La duda es por qué o para qué se hizo (y se hizo así) El clan, al margen de las legítimas aspiraciones comerciales. Es que, con su ya octavo largometraje, Pablo Trapero (1971, San Justo, pcia. de Bs As.), desentendiéndose de logros conquistados por colegas de su generación y por él mismo, retoma vicios del viejo cine argentino y, en ese camino, recurre a soluciones ideológicamente equívocas.
En su cine, a Trapero siempre se lo vio interesado en transitar espacios con reglas propias y principios de autoridad bien instalados, que se transgreden con distintas consecuencias. Los mismos podrían resumirse con expresiones que definen a conocidas instituciones: la Policía, la Iglesia, el Sistema Penitenciario, el Trabajo, la Familia. Parece haber algo de fascinación en él por estos ámbitos que implican alguna forma de protección o de refugio, así como parecen seducirlo ciertos desmanes o indiferencia frente a la ley, no por una posición rebelde ante el sistema sino para jugar con la incorrección política (o, en el mejor de los casos, para señalar debilidades gestadas en el seno mismo de esas organizaciones).
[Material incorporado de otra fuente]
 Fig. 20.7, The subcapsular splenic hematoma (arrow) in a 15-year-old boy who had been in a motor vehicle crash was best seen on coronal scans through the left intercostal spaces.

Esas características, puestas en juego en sus películas anteriores como director (Mundo grúa, El bonaerense, Familia rodante, Nacido y criado, Leonera, Carancho, Elefante blanco), convergen en este nuevo film en torno a una acaudalada y respetada familia de San Isidro, los Puccio, que entre 1982 y 1985 se dedicó a secuestrar personas pidiendo dinero a sus familiares para su liberación, con detalles estremecedores, como el hecho de que se trataba en todos los casos de conocidos del núcleo familiar, que los mantenían prisioneros en su propia casa mientras desarrollaban su vida con aparente normalidad, y que no dudaban en matarlos después de recibir el dinero.
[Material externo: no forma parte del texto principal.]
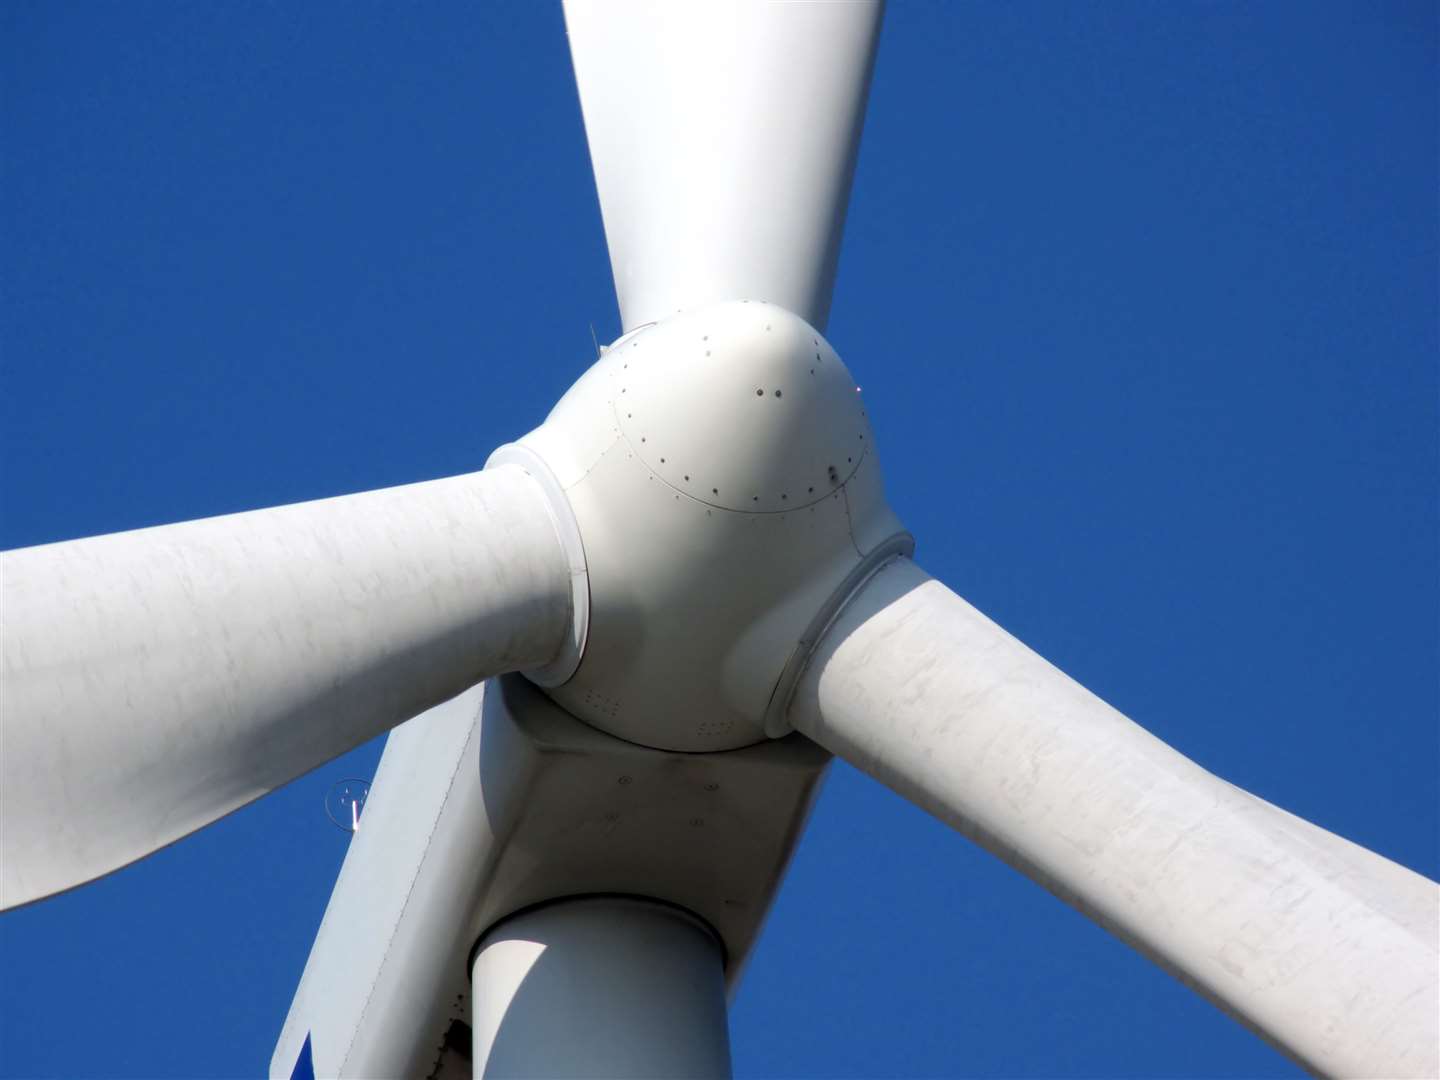 The number of wind turbines proposed at Kintradwell has been reduced from 22 to 15.

El clan no parece peocuparse por encauzar discusiones hacia los contactos de la Policía con el poder político-económico de turno, las dificultades que atravesó nuestro país en su transición a la democracia, la impunidad con la que acostumbran conducirse sectores pudientes, u otras cuestiones de índole igualmente delicado, como si le bastaran los previsibles comentarios del público sobre la insensibilidad de los Puccio a la salida del cine.
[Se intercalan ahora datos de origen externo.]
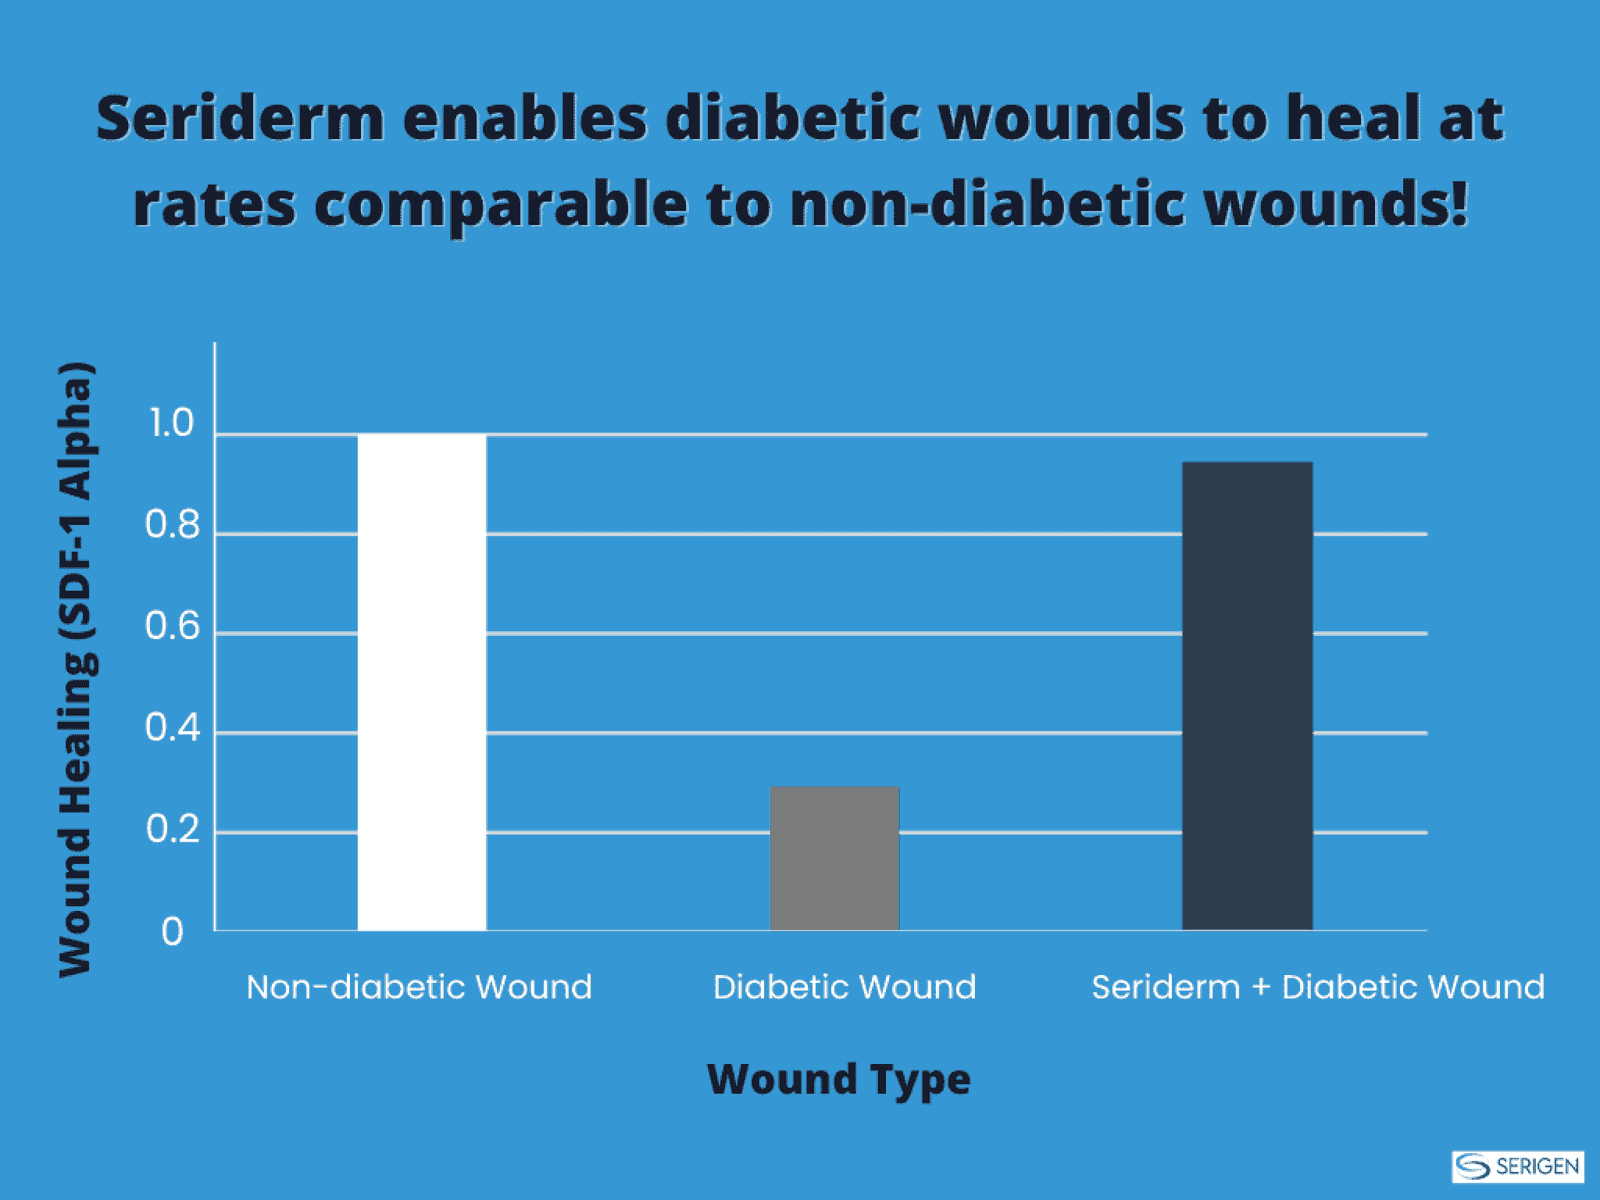 Seriderm - Faster healing for diabetic wounds

En su transcurso, que se da medio a los saltos, asoman elementos propios de la época y otros no tanto (como algunas palabras, o la exhibición en TV en 1985 de un film como En retirada), además de numerosas canciones (aunque Trapero no se muestra aquí tan creativo en la elección y utilización de la música como en sus anteriores films) y pantallazos informativos cruzando todo el tiempo la realidad cotidiana de Arquímedes Puccio, su mujer y sus hijos. Algunos dinámicos planos secuencia, una que otra elipsis certera y un efectismo técnicamente bien resuelto hacia el final, figuran entre los méritos de El clan, cuyo éxito seguramente se agiganta gracias a esa antigua costumbre de ver prestigio y adultez en cualquier película que aborde acontecimientos de la historia política o policial con profesionalismo, cierta crudeza y actores conocidos. Y a propósito de esto último, hay que decir que en Guillermo Francella se intuye Arquímedes Puccio en dos o tres momentos –en los que pierde los cabales ante su hijo Alejandro (Peter Lanzani)–, pero la mayor parte del tiempo se ve simplemente a Francella canoso y serio.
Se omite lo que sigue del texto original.